Benchmarking World-Model Learning with Environment-Level Queries
Abstract
World models are central to building AI agents capable of flexible reasoning and planning. Yet current evaluations (i) test only properties measurable from observed interactions within an environment, such as next-frame prediction or task return, and (ii) do not test whether a learned model supports diverse queries about the same environment. In contrast, humans build \textit{general-purpose} models that can answer many different questions about an environment---including questions that require understanding global structure and counterfactual consequences. We propose WorldTest: a protocol for evaluating agents' ability to learn general-purpose models. A WorldTest benchmark pairs environments with multiple environment-level queries---properties of the full environment---rather than objectives defined only on observed trajectories. Individually, these queries can target global and counterfactual properties (e.g., reachability or the effects of interventions) that are not determined by any single rollout distribution. Collectively, they assess model generality across query types. We instantiate WorldTest as AutumnBench, a minimal yet expressive benchmark of 43 interactive grid-world environments and 129 tasks across three query families for both humans and learning agents.
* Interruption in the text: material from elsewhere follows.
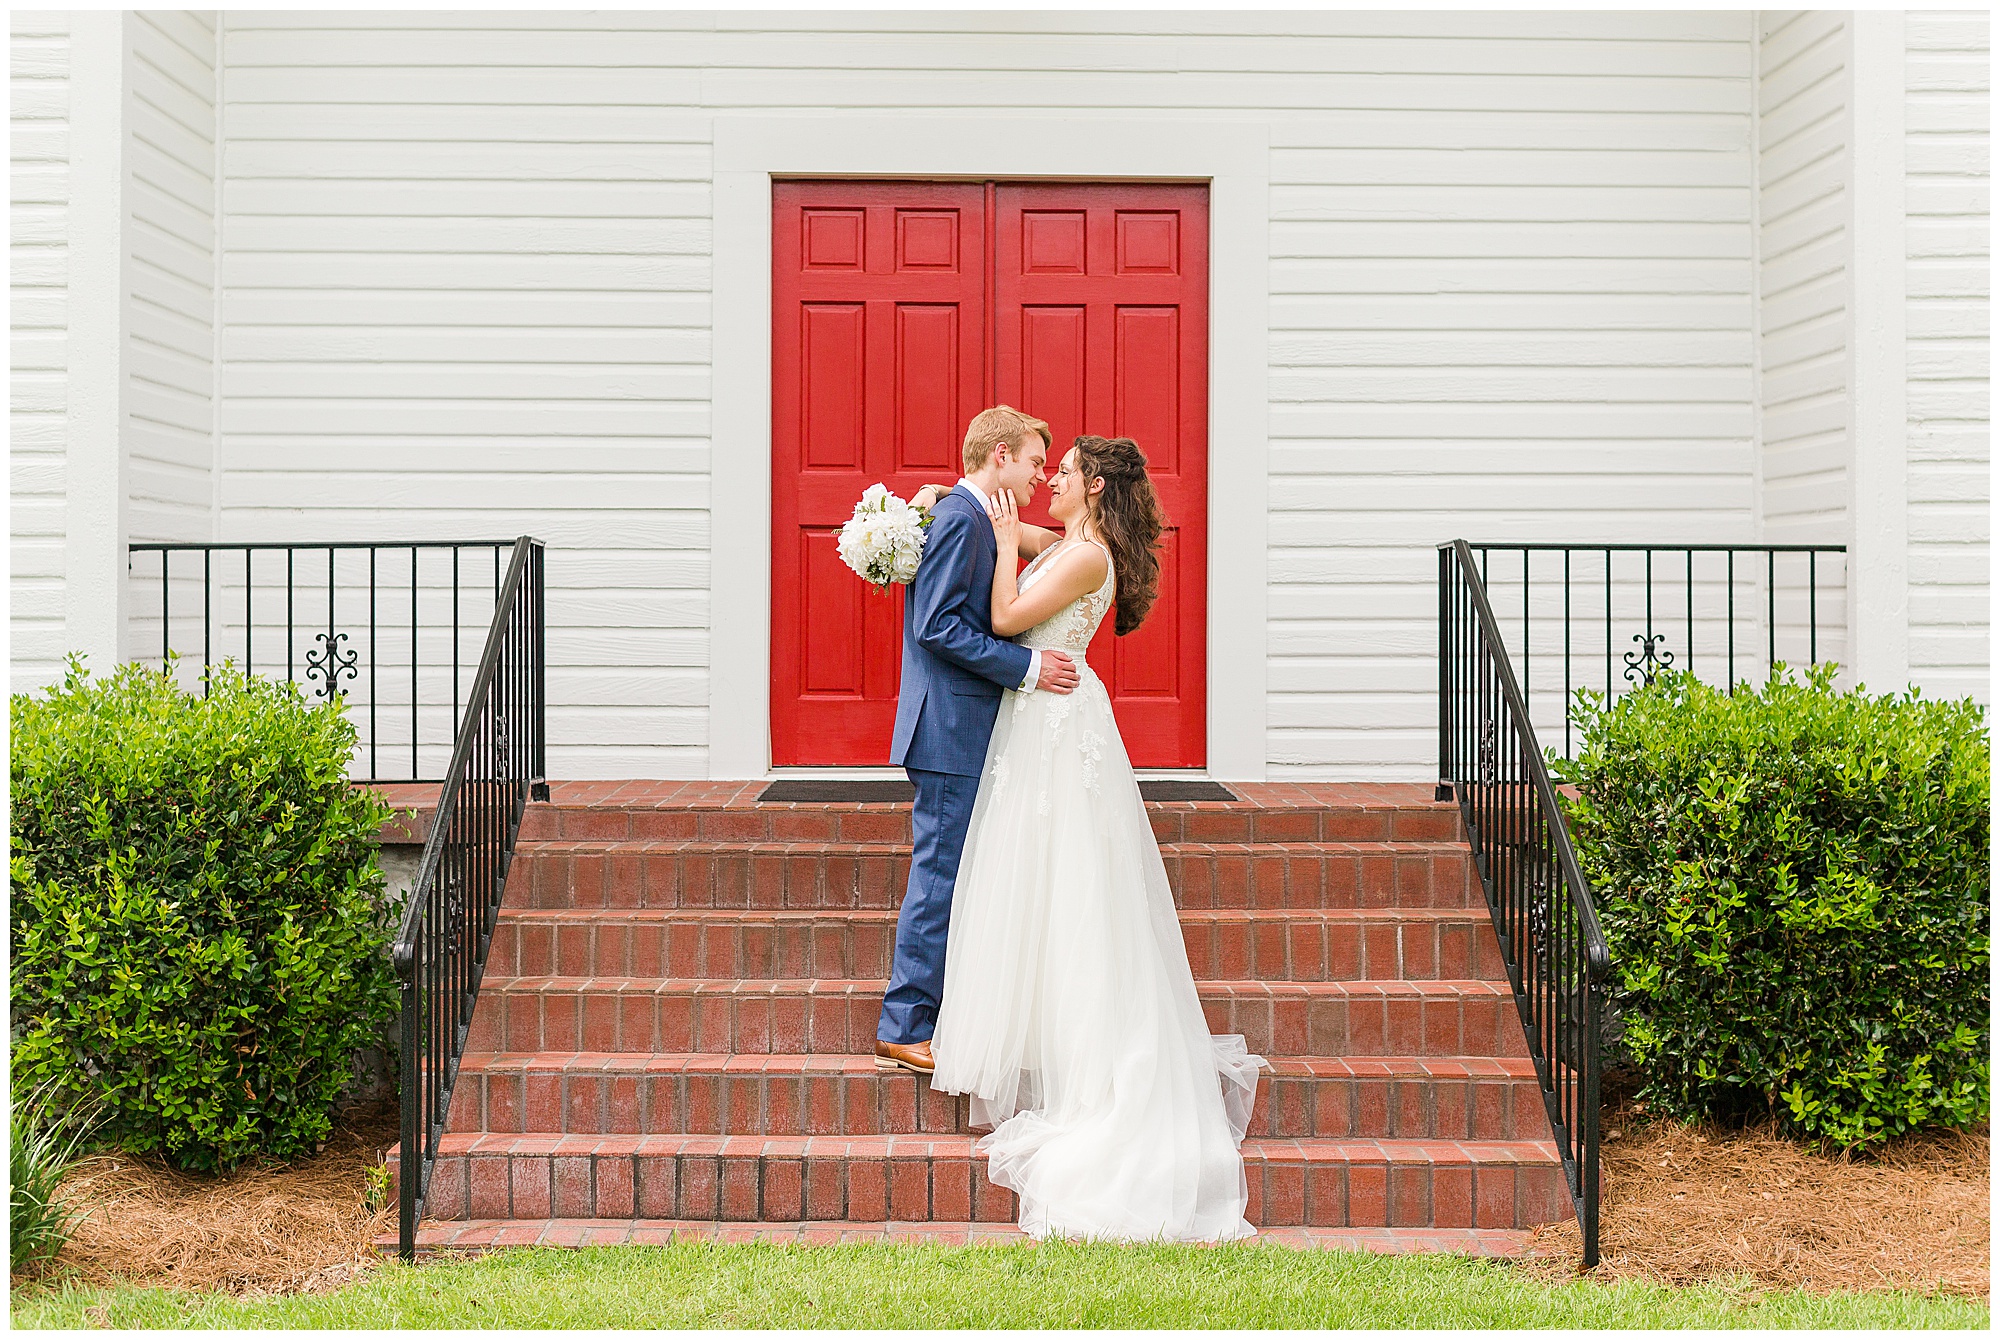 I Do BBQ wedding, Georgia wedding, Kelley Stinson Photography, red white and blue wedding, red door church, historic church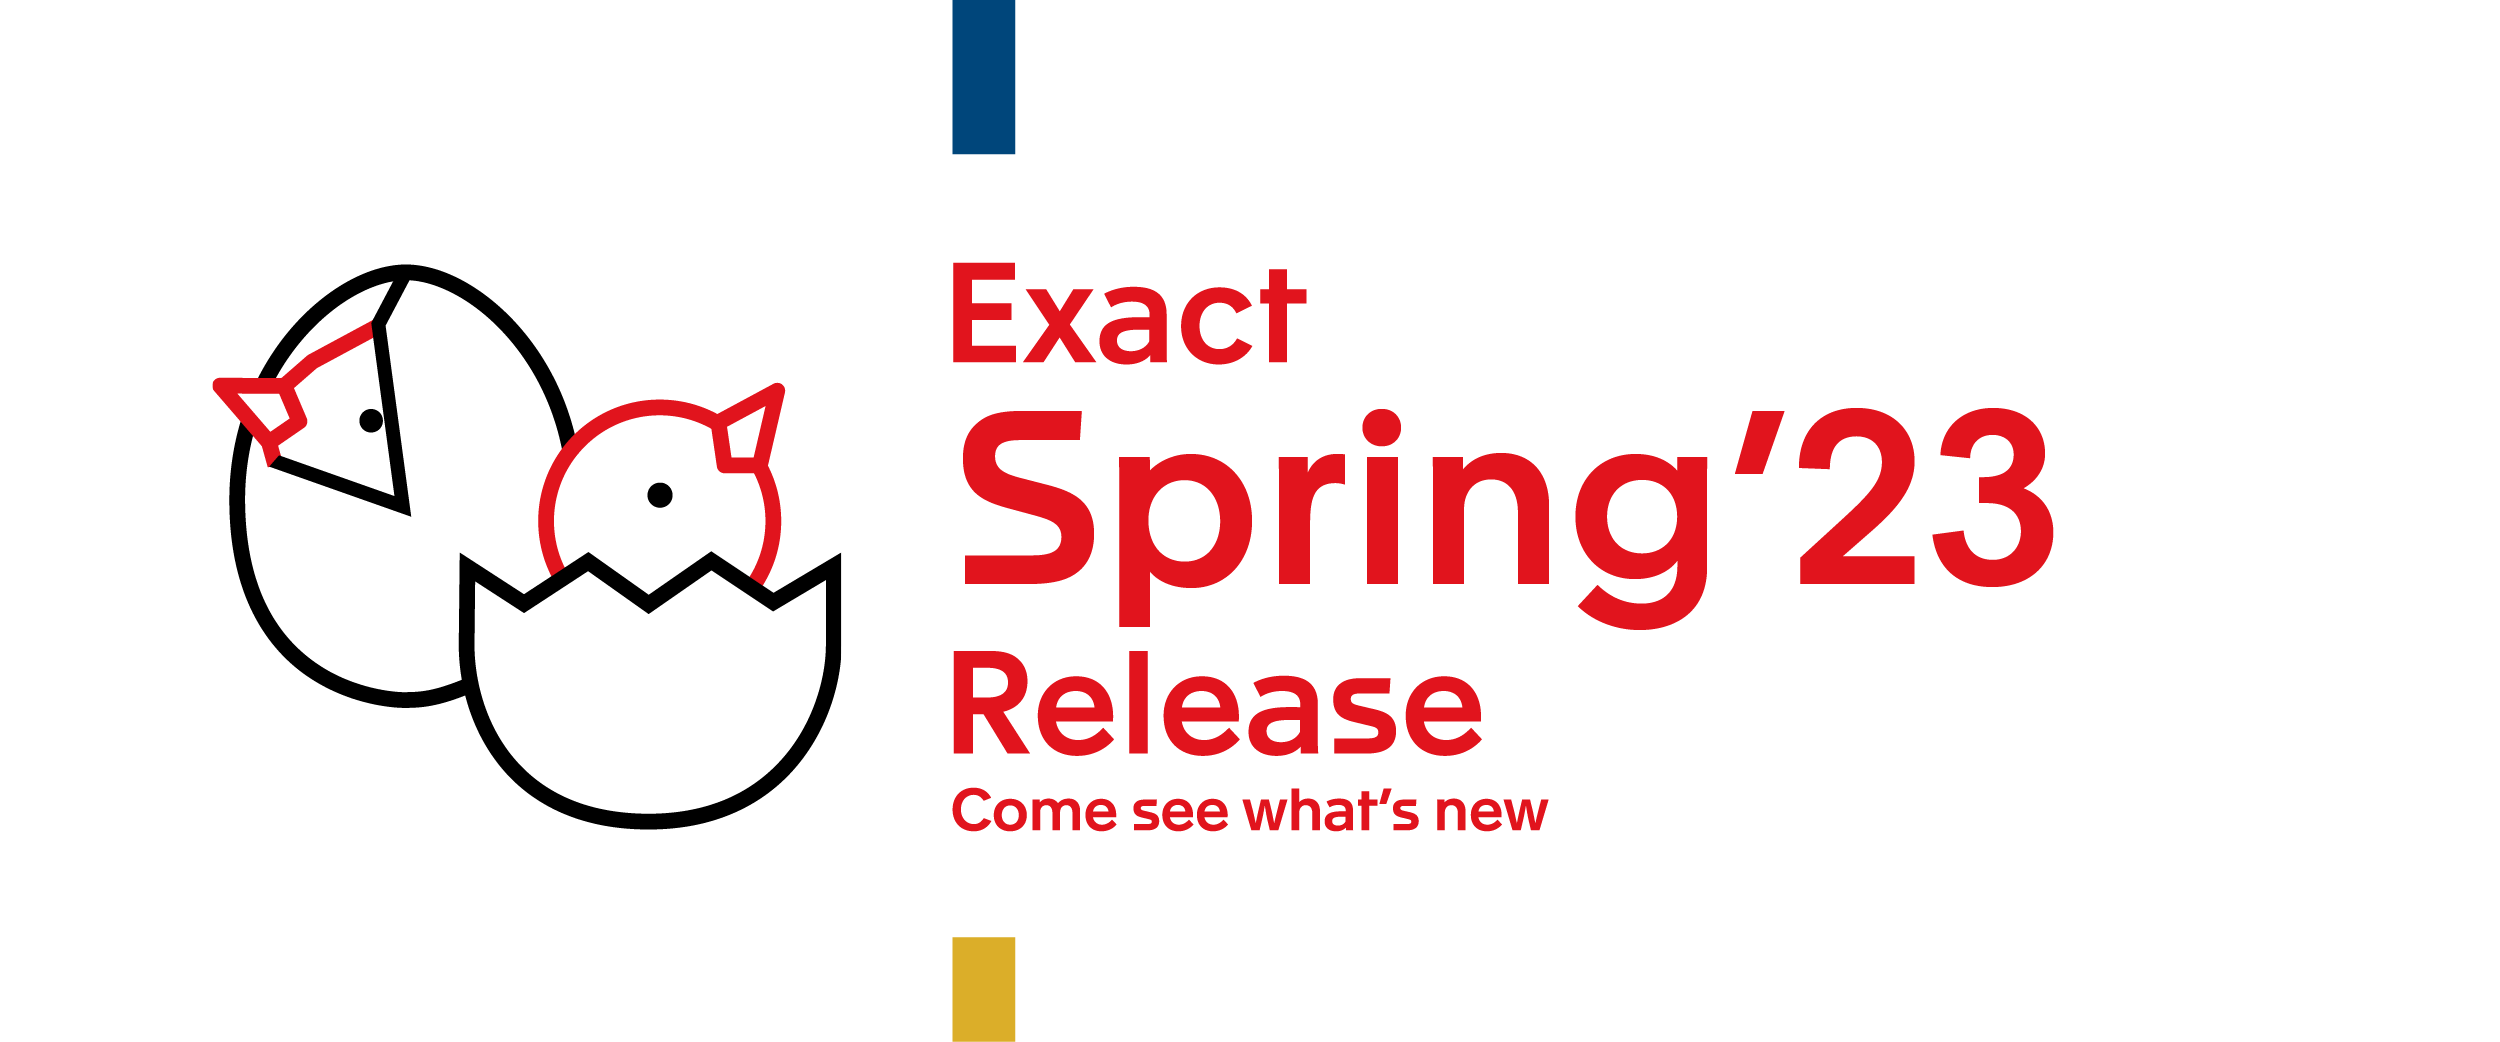 Exact Spring'23 Release

AutumnBench supports diverse environments and evaluations, including queries to evaluate prediction, counterfactual reasoning, and long-horizon planning. Experiments with 517 human participants and five frontier models show that humans substantially outperform these models, a gap we attribute to differences in exploration and belief updating. WorldTest and AutumnBench provide a rigorous framework for evaluating world-model learning and expose critical limitations in current approaches.